Losing a building filled with memories

Watching the tragic destruction of an historic building on Main Street was heart wrenching.

The upper level of this century-old building was, for most of its lifetime, a hotel with mixed-use, ground-level stores and a bar. For many years, the hotel was called the Brooks Hotel. About 1959, my parents purchased the hotel. They lived in a three-room apartment above what was then the Home Plate Tavern. My brothers and I lived in rooms across the hall from their apartment.

In June 1960, I married and moved to an apartment in north Auburn. For the next several years, we returned to their apartment for holiday dinners or when my dad required an extra set of hands for some task – or simply to check in.

My mother was a fastidious housekeeper, and she kept the rooms of the hotel as clean as her own house.

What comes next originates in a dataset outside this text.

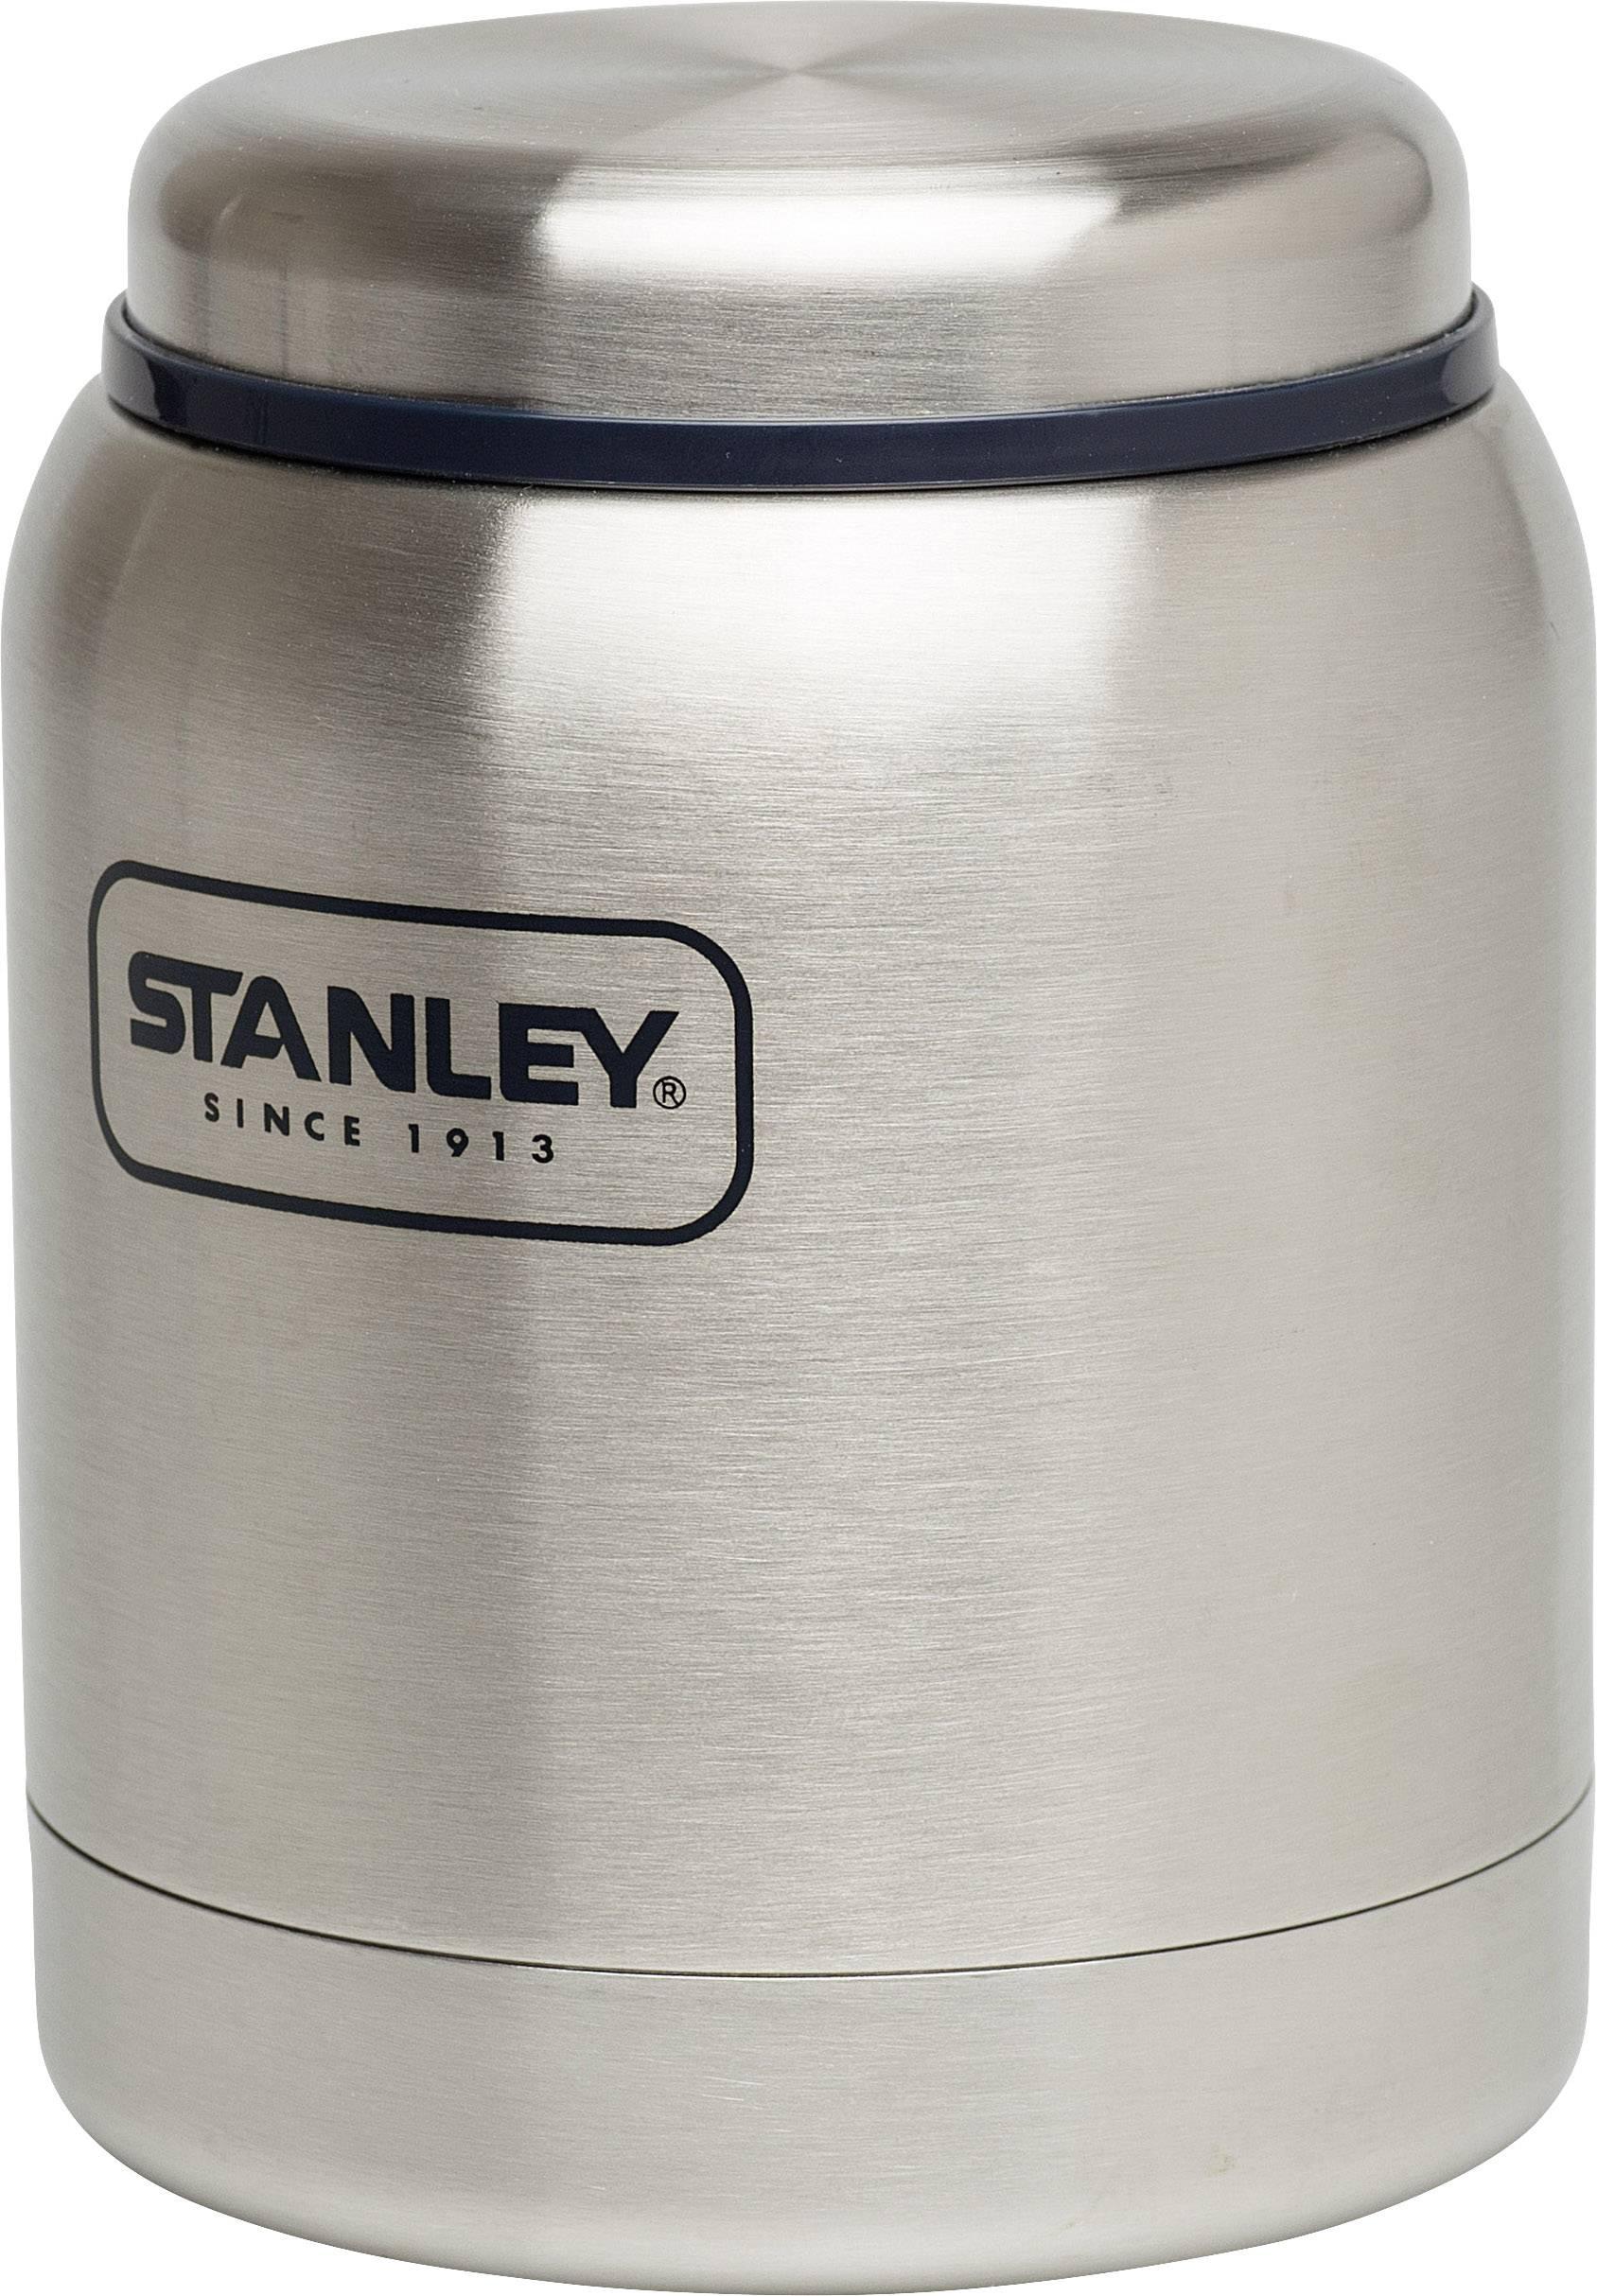 Kempingové nádoby na potraviny Stanley Adventure Food 400 ml 10-01610-002

After my first daughter arrived, my parents would occasionally baby sit her at the hotel. My daughter loved to go to the hotel because grandpa would hoist her on his shoulders and carry her around the half-block long corridors of the hotel. What great memories we had at that old hotel.

My parents operated the hotel until the early 1970s when they retired, sold the hotel and moved to a bungalow on K Street Southeast. They passed away in the late 1990s. They would have been devastated to watch “their” hotel destroyed in such a fashion.

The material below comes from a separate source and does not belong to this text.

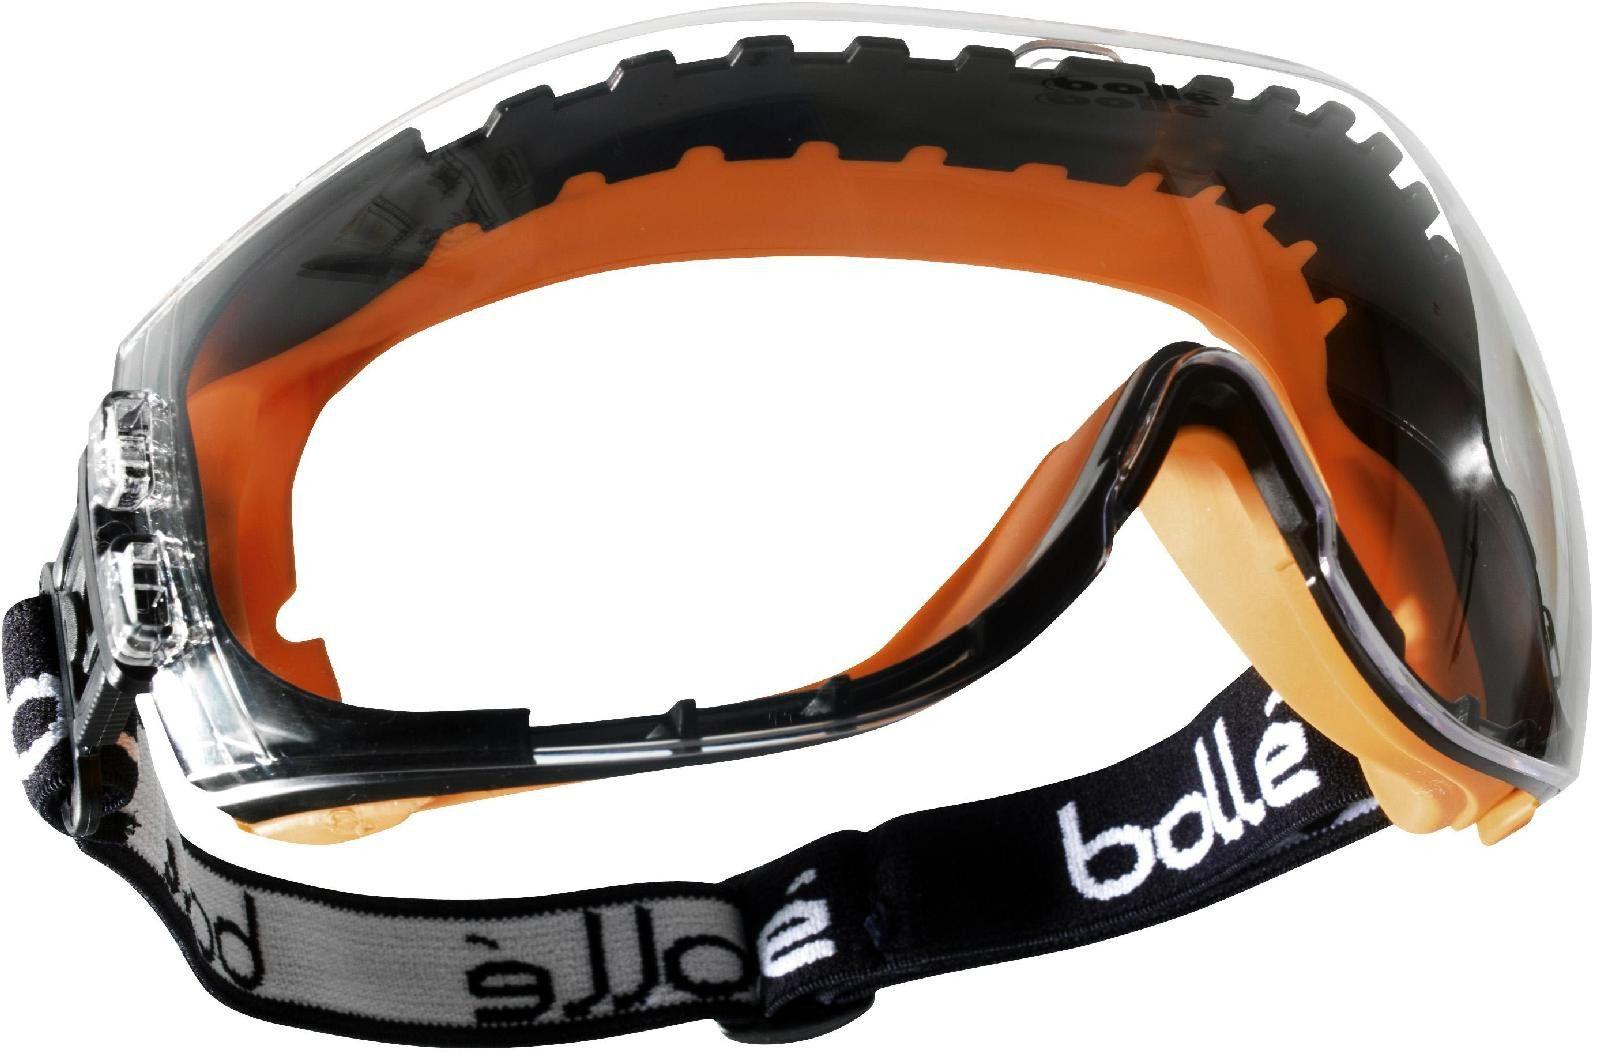 BOLPILOPSI Bolle Pilot Clear Safety Goggles Anti Mist

We grieve for those who have been displaced, lost their jobs or lost their businesses, and we pray for those who suffered injuries.

We also must thank the fearless firefighters from several agencies that fought this fire in near-freezing conditions. Their expertise contained the fire within the brick walls of the building, prevented a conflagration that could have consumed neighboring buildings on both sides of Main Street.

It is probably unreasonable to consider repairing the building, but ultimately I see a multi-story structure containing living accommodations with ground-level retails stores and a tavern/bar rising up like a phoenix from all this destruction.

Maybe in another 100 years someone will write a note about fond remembrances of living in that century-old building, just as I have for this now-destroyed edifice.